Patent law reform may introduce an opposition system giving third parties an opportunity to oppose granted patents. It could also introduce the ability for third parties to submit references to the patent examiner during the course of the patent prosecution process.

The definition of “prior art” may also be changed, making it into a harmonized system with the rest of the world. Absolute novelty may be introduced whereby any prior art, written or oral, anywhere in the world, will be considered as prior art through a patent application.

Numerous other changes are also being discussed, and currently it is too early to know which, if any of these, may find its way into a final bill. However, it is clear that over the next year, should patent law reform legislation pass Congress, it will dramatically change both prosecution and litigation of patent rights in the United States.

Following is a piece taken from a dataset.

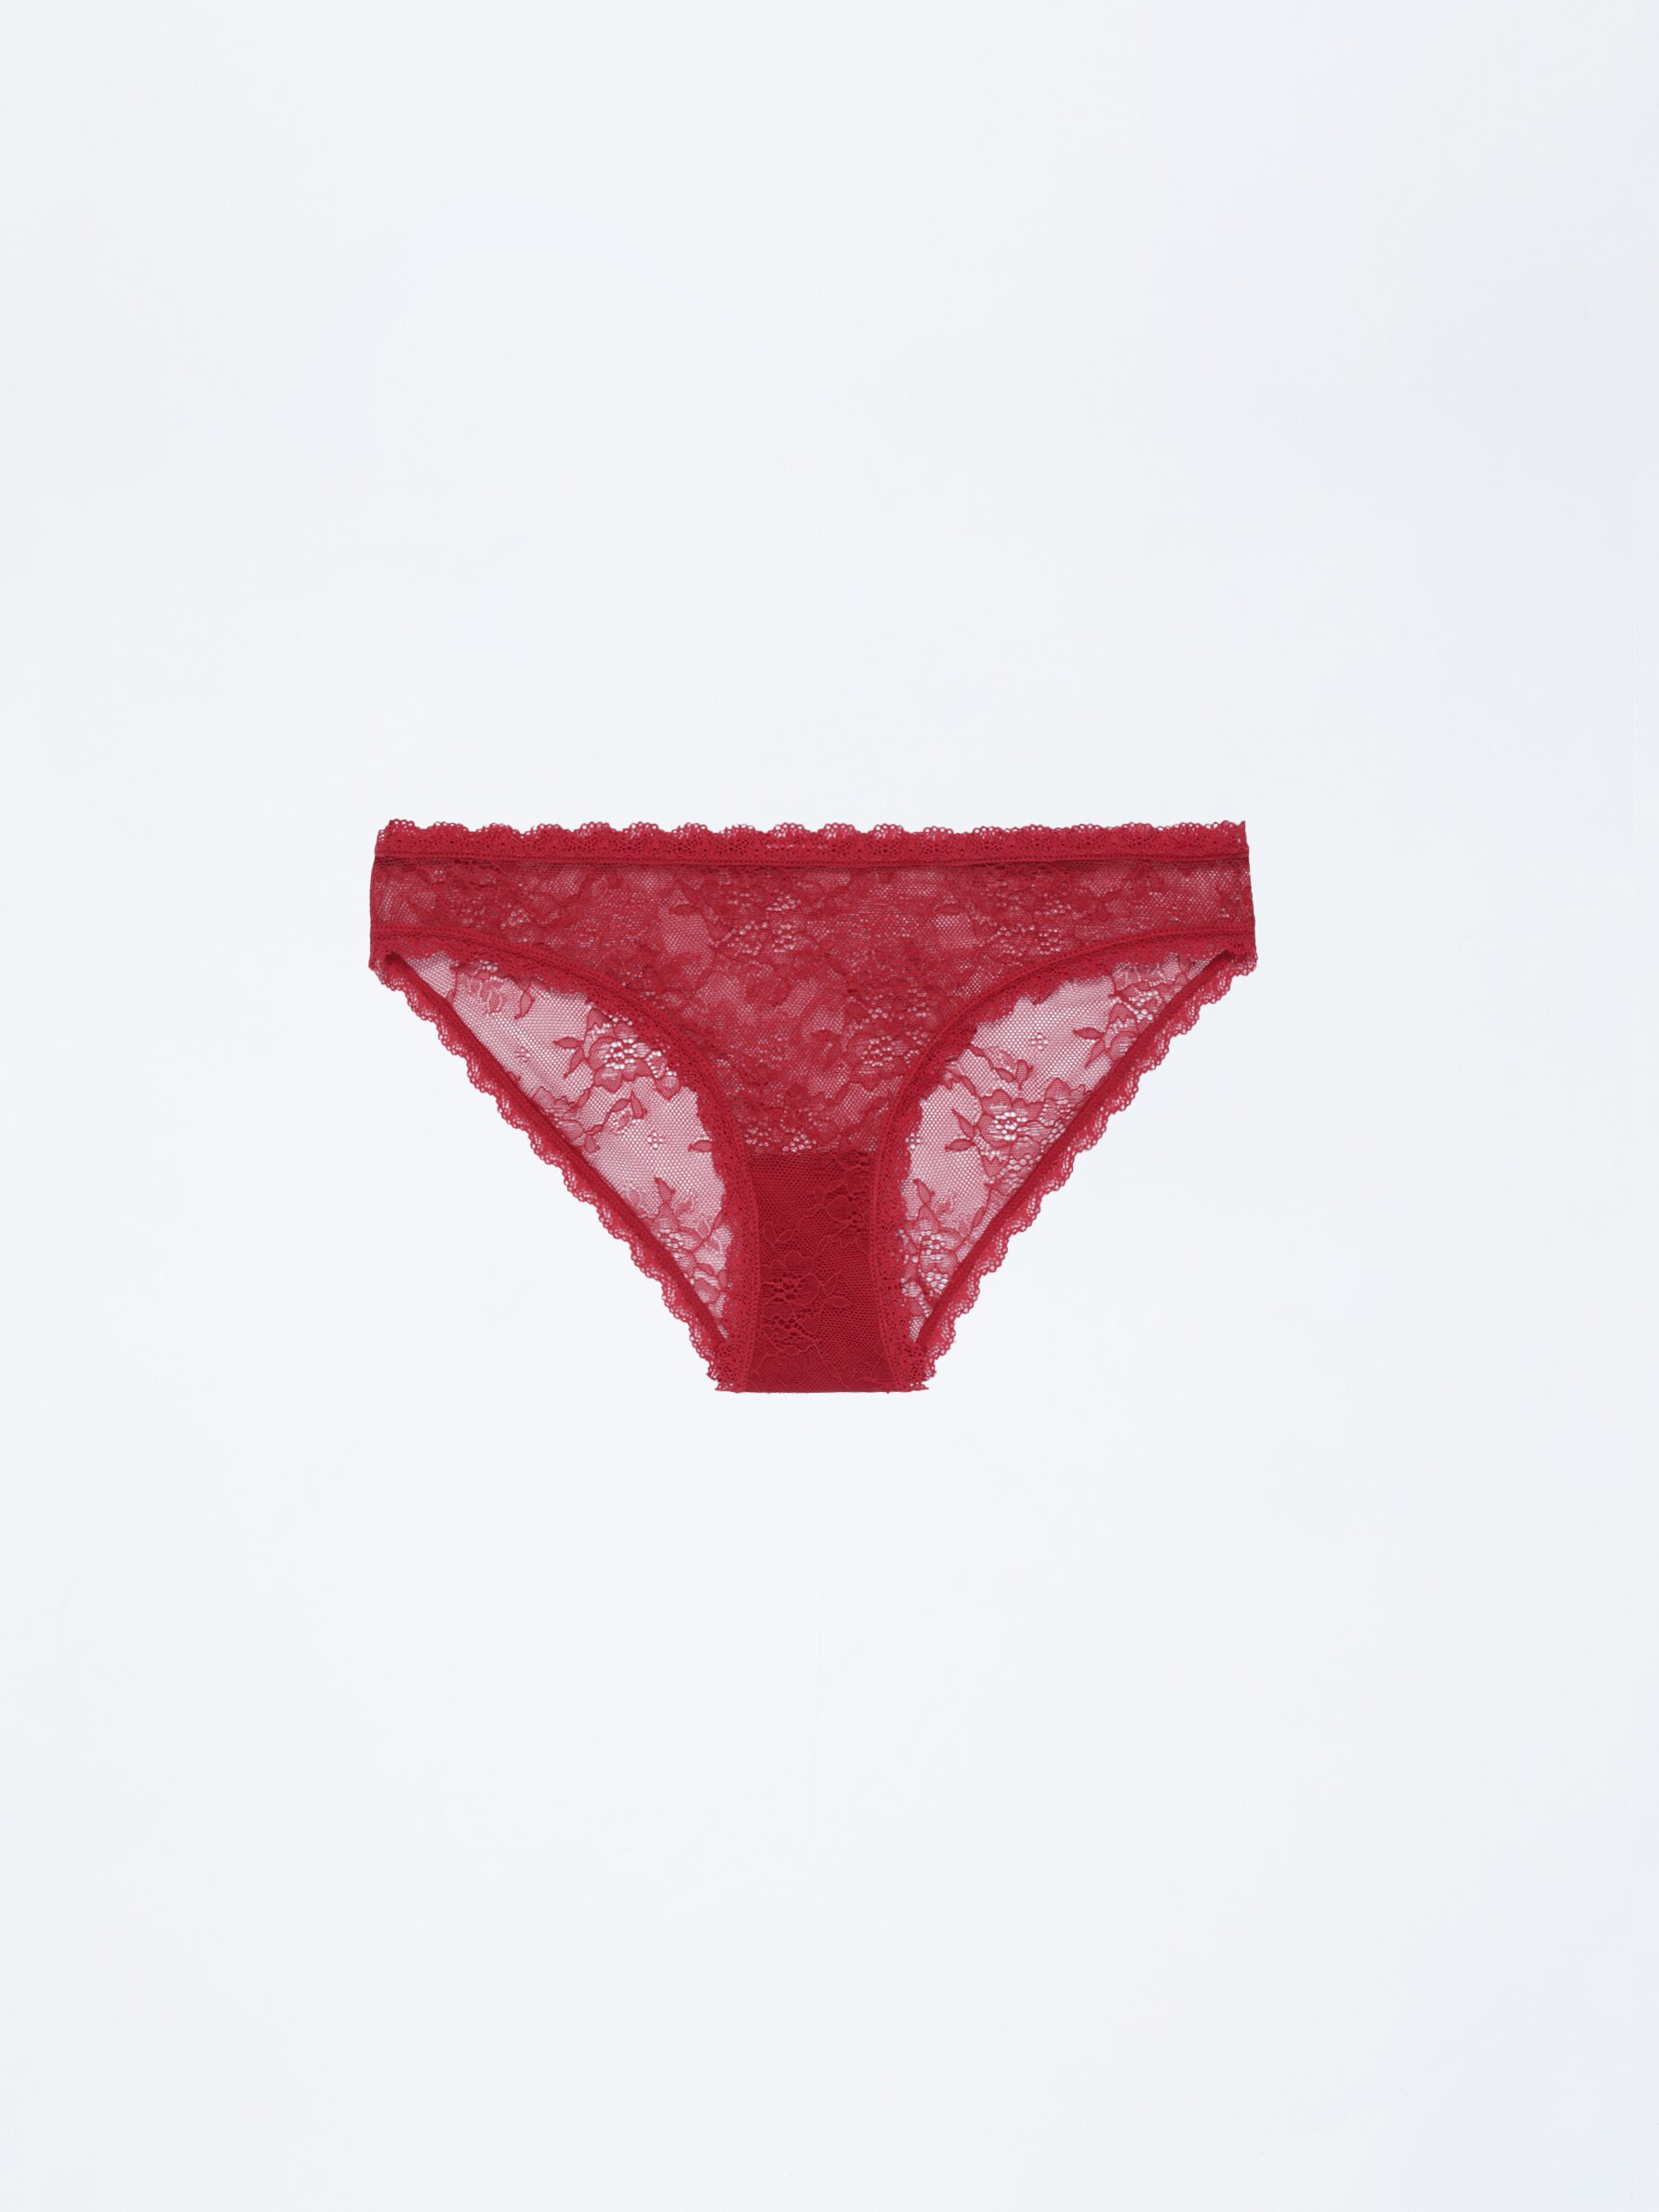 Women`s Lace Underwear Gentle Pink Color: Bra and Panties. Stock

Recent Court Decision Allows New Subsidiaries to Benefit from Cross-Licensing Agreement

In Imation Corp. v. Koninklijke Philips Elec. N.V., No. 09-1208 (Fed. Cir. No. 2099-1208, 11/3/09), Koninklijke Philips Electronics N.V. (“Philips”) had initially entered into a cross-licensing agreement (the “Agreement”) with a company now known as 3M to cross-license patents. In the Agreement, the term “subsidiary” was defined to include entities in which a party held majority ownership “now or hereafter.” After the execution of the Agreement, 3M created a subsidiary, Imation Corp. (“Imation”), to handle data storage and media production and then spun off the company. The Agreement continued between Imation and Philips with it eventually expiring. Imation then entered into a joint venture with Moser Baer India Ltd establishing Global Data Media FZ-LLC, all leading to Imation buying a controlling interest in an entity called Memorex International Inc. In 2007, Imation initiated a declaratory judgment action seeking a declaration that Global Data Media and Memorex qualified as subsidiaries covered by the licenses in the Agreement.

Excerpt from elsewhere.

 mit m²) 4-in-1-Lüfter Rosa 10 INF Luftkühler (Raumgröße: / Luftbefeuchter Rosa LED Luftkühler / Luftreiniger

Initially, the U.S. District Court ruled that the subsidiaries could not benefit from the licenses because they were not subsidiaries at the time of expiration. The Federal Circuit reversed the District Court’s ruling and found that these new subsidiaries were eligible to take advantage of the licenses granted therein because there was no language in the Agreement setting a “temporal limitation” after which new subsidiaries would not benefit from the contract, and that in fact the language of the contact referenced subsidiaries created “now or hereafter.”

This decision, although addressing a patent license, is a valuable guideline for drafting similar clauses in all contracts.